◆ **EXERCISE GOAL**
The entries that follow should come back exactly, with no pictures among them.

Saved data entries
• • • •

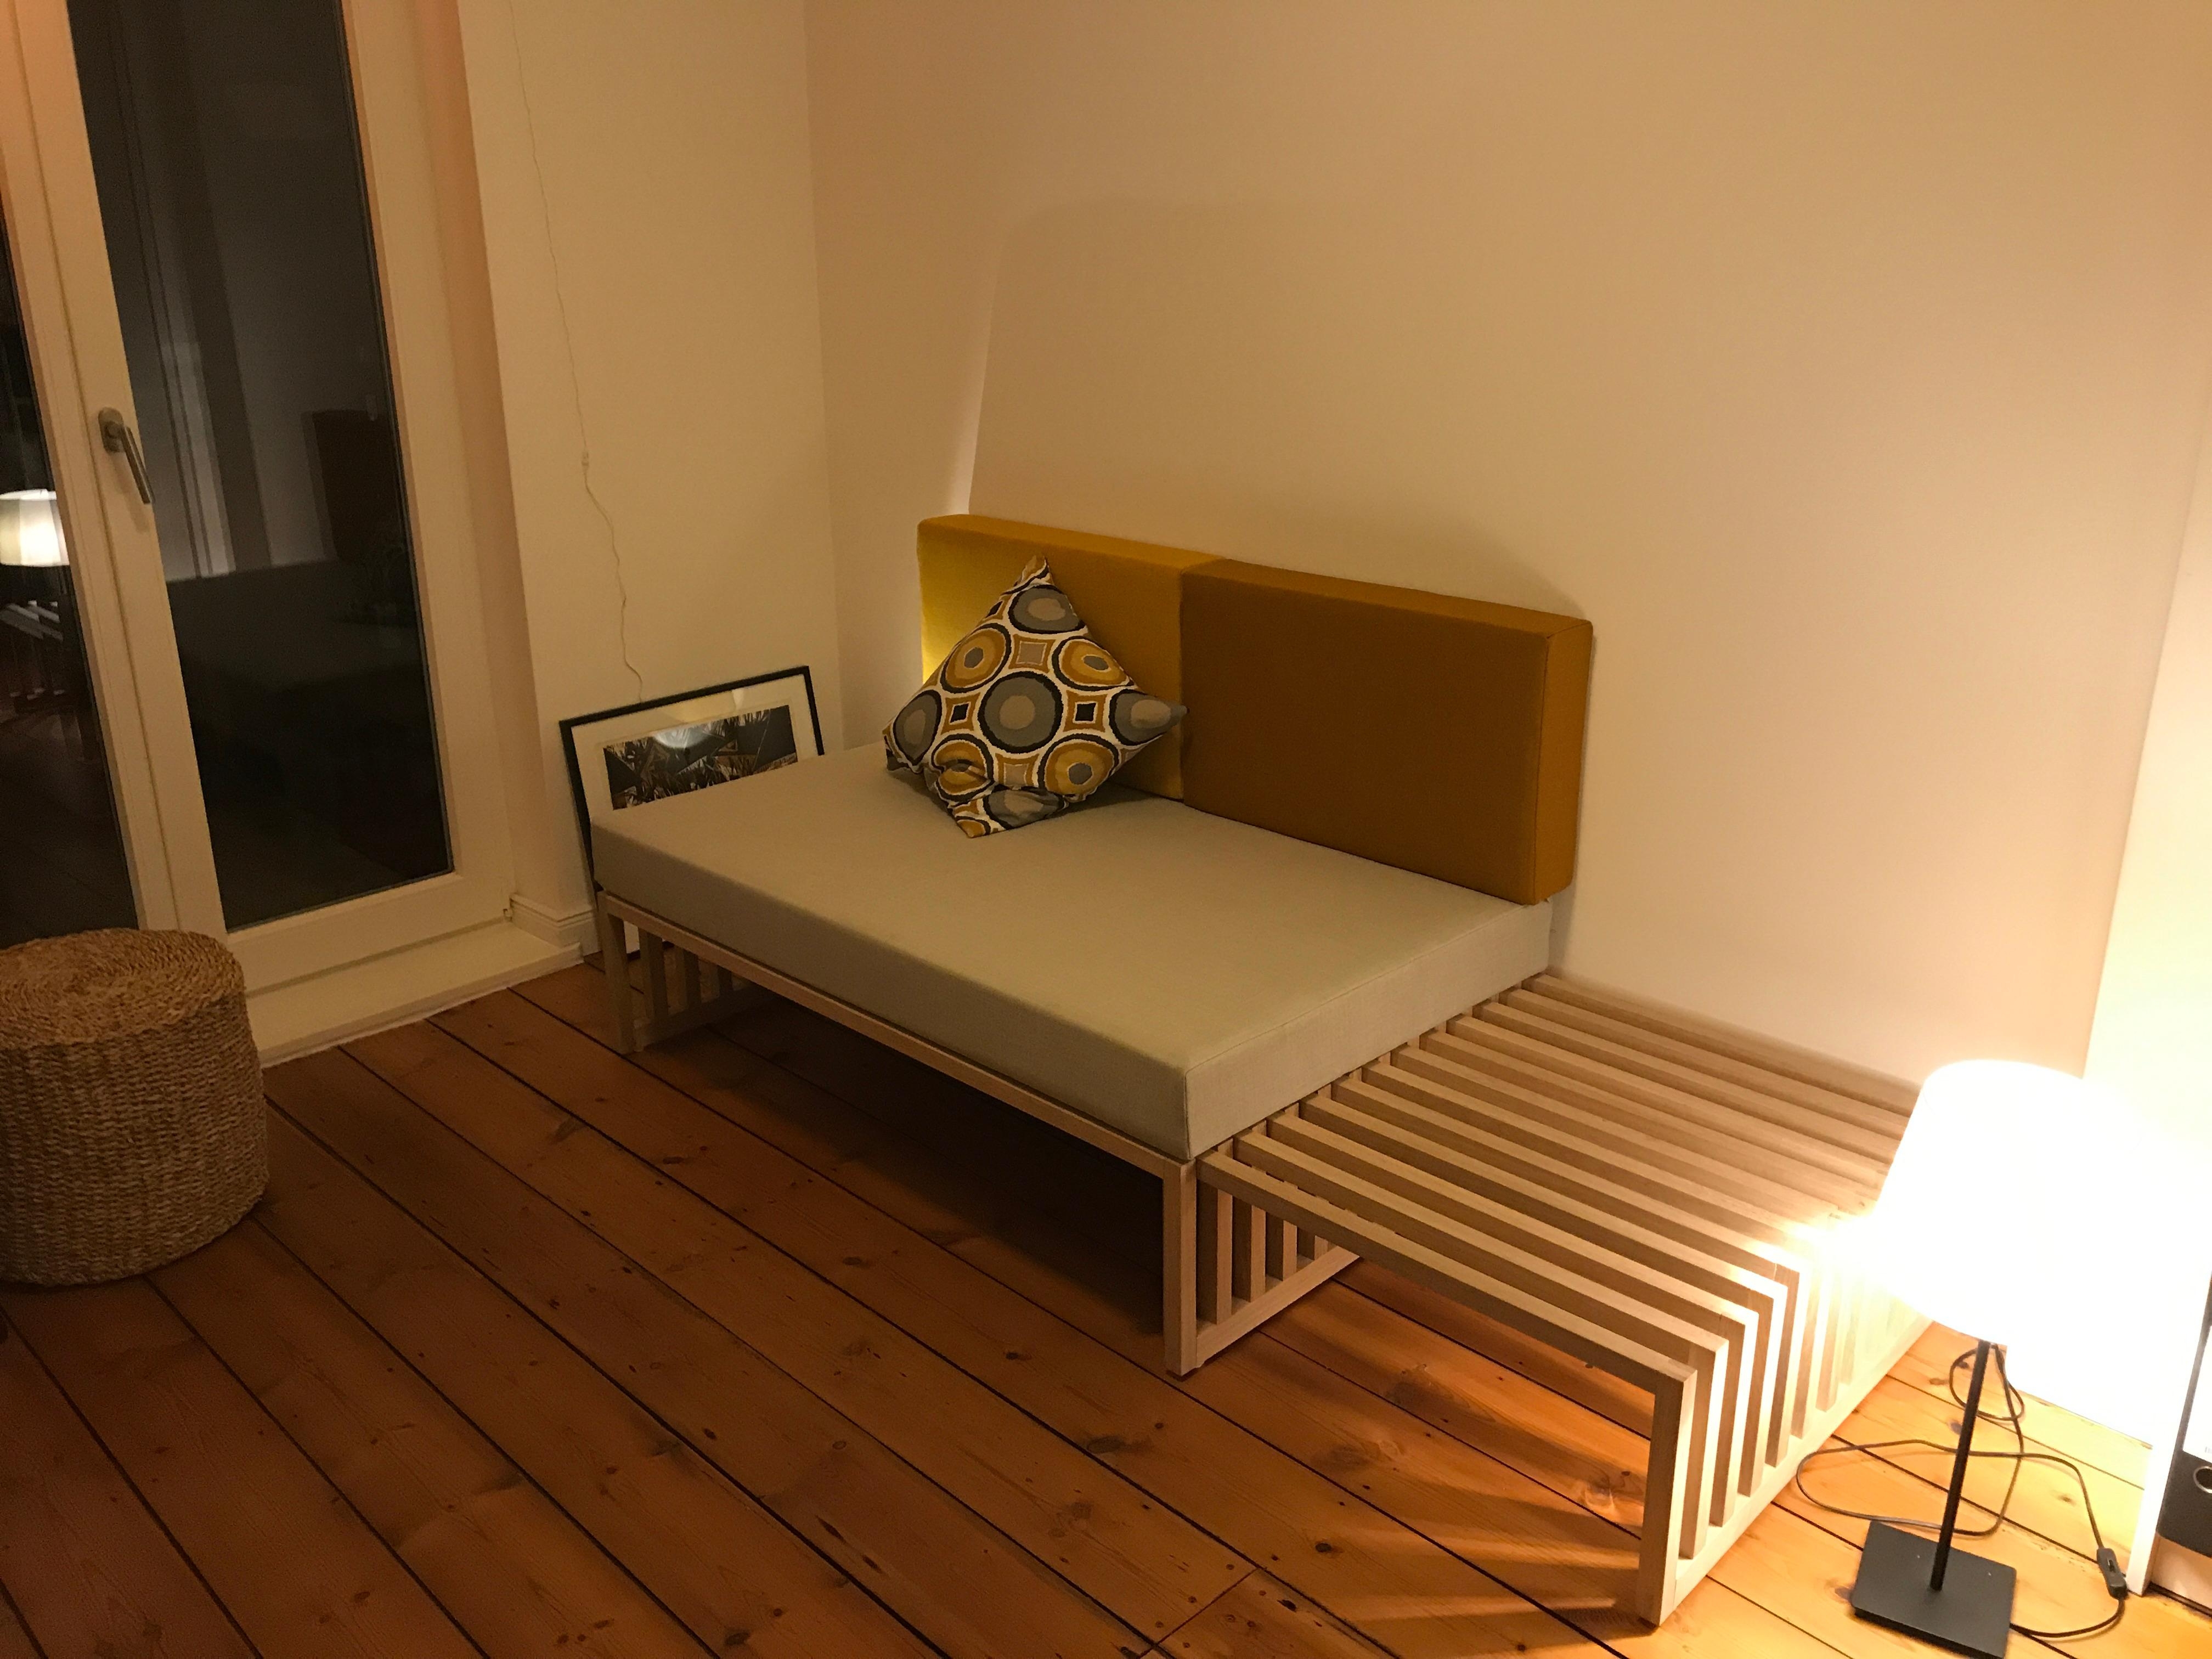 ein kleines Sofa, was auch als Gästebett benutzt werden kann.
#schlafen #bett #skandistyle
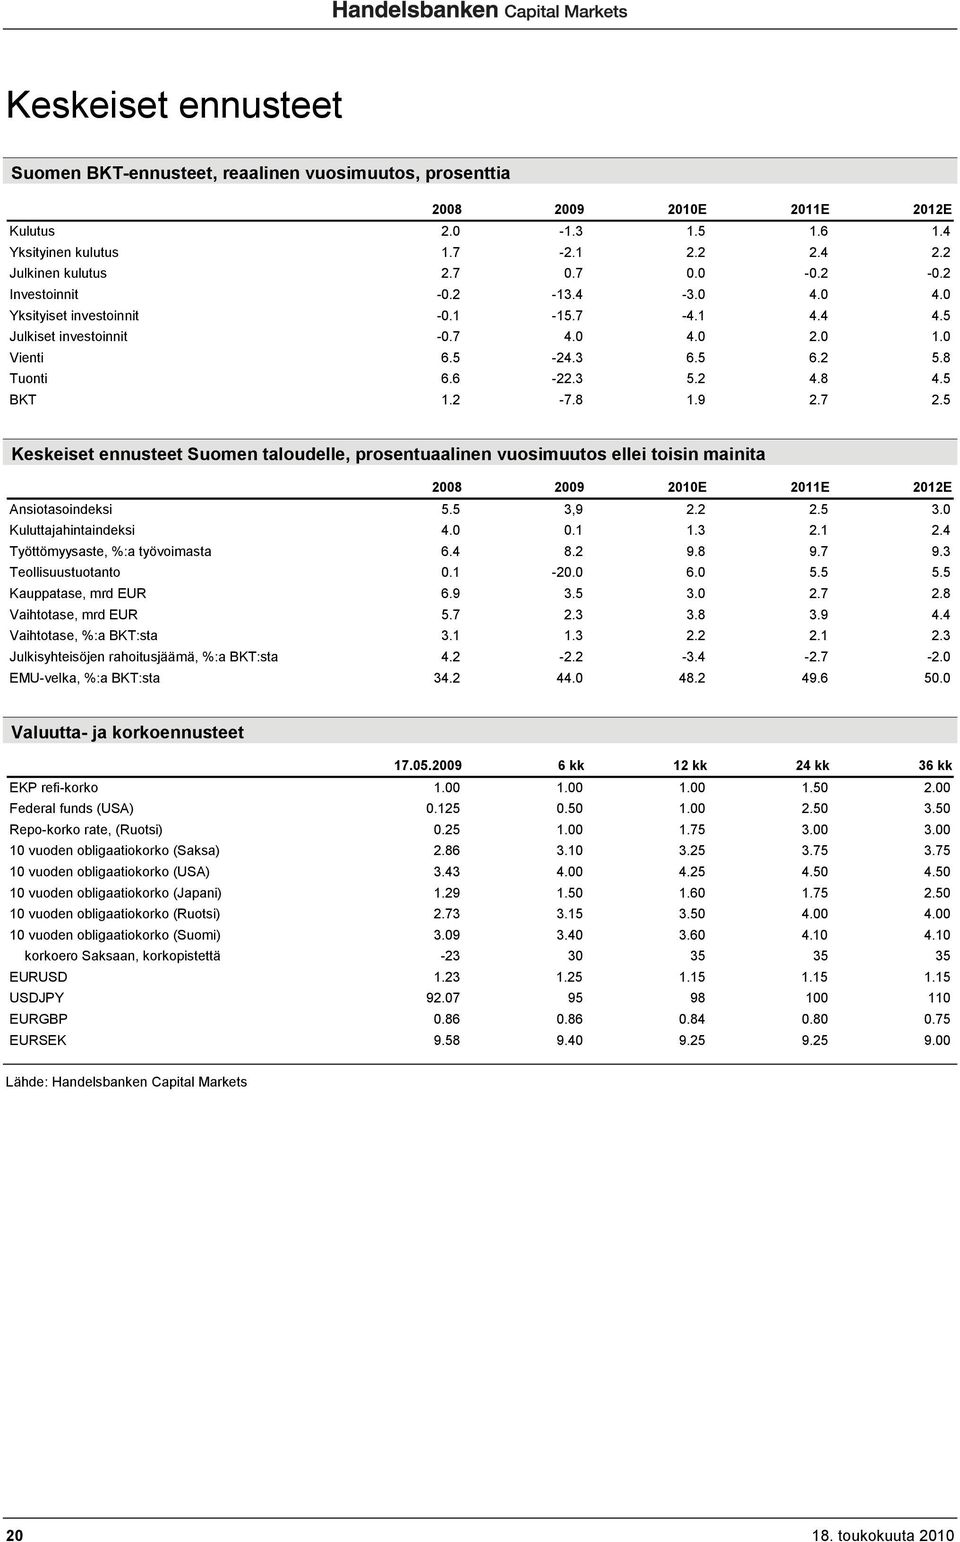 9 2.7 2.5 Keskeiset ennusteet Suomen taloudelle, prosentuaalinen vuosimuutos ellei toisin mainita 2008 2009 2010E 2011E 2012E Ansiotasoindeksi 5.5 3,9 2.2 2.5 3.0 Kuluttajahintaindeksi 4.0 0.1 1.3 2.
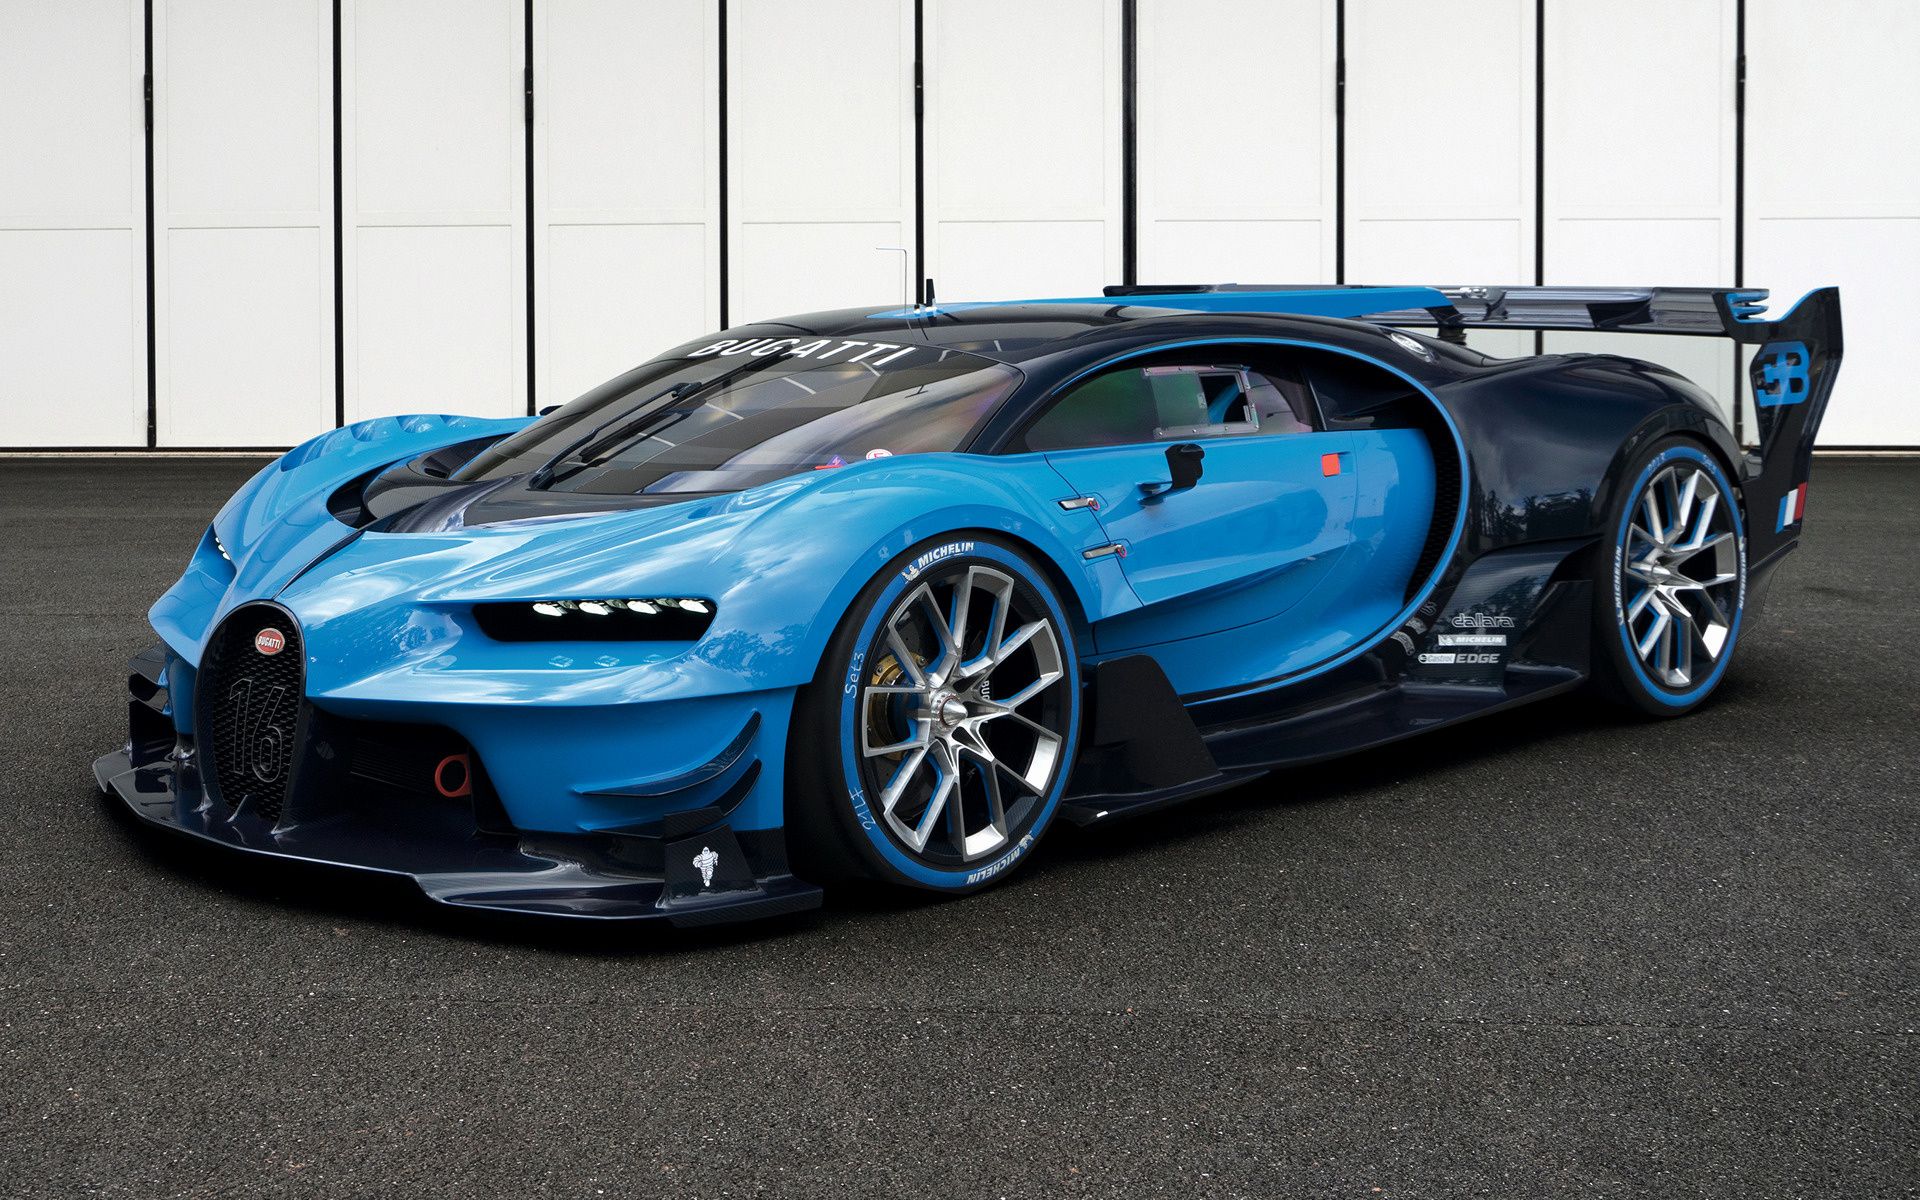 Bugatti Vision Gran Turismo and HD Image
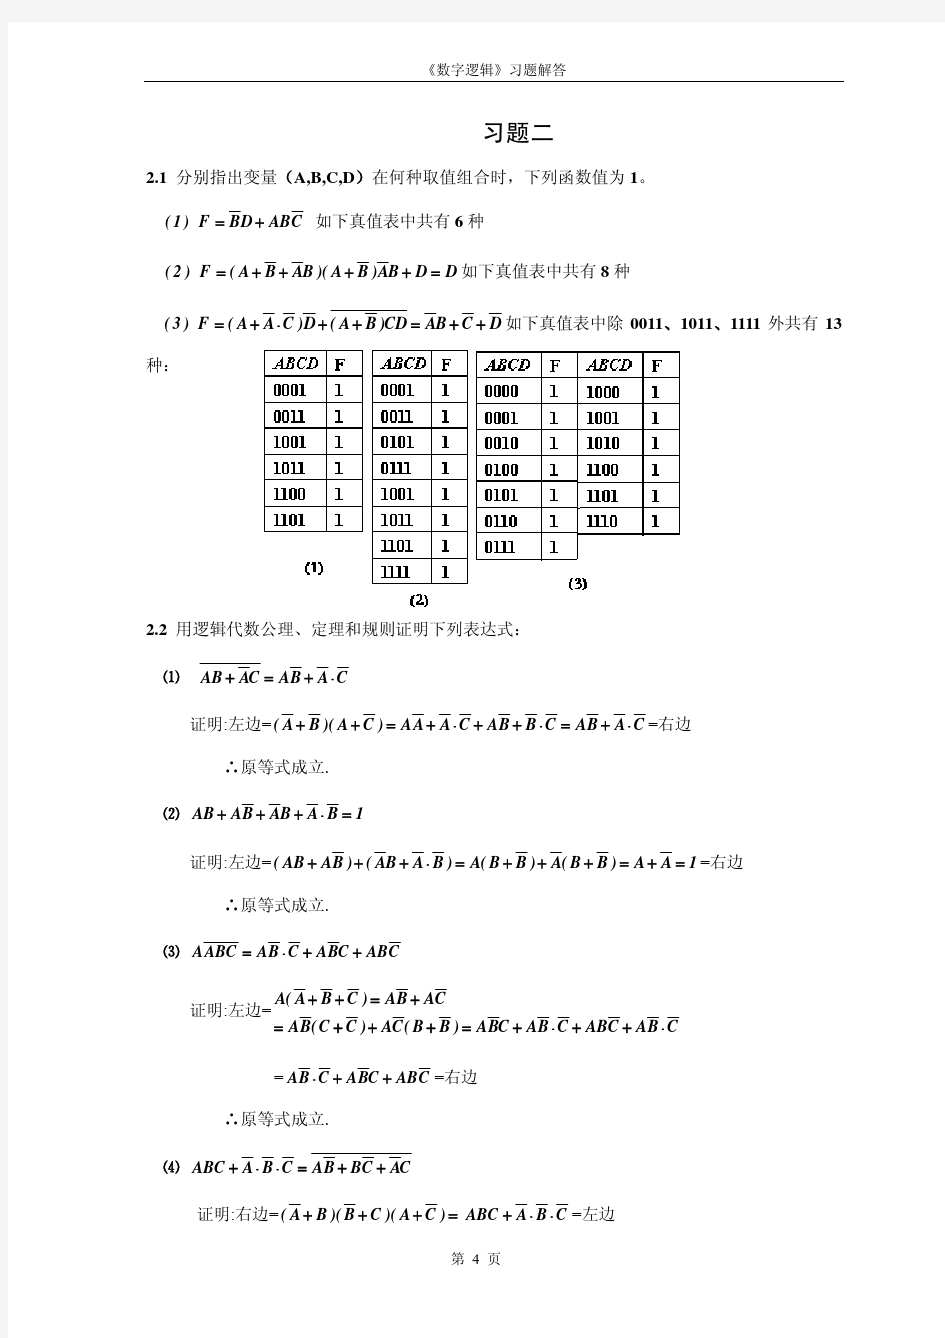 《数字逻辑》第四版部分习题答案_khdaw

• • • •

◆ **WRITTEN SOLUTION**
 ein kleines Sofa, was auch als Gästebett benutzt werden kann.
#schlafen #bett #skandistyle
 9 2.7 2.5 Keskeiset ennusteet Suomen taloudelle, prosentuaalinen vuosimuutos ellei toisin mainita 2008 2009 2010E 2011E 2012E Ansiotasoindeksi 5.5 3,9 2.2 2.5 3.0 Kuluttajahintaindeksi 4.0 0.1 1.3 2.
 Bugatti Vision Gran Turismo and HD Image
 《数字逻辑》第四版部分习题答案_khdaw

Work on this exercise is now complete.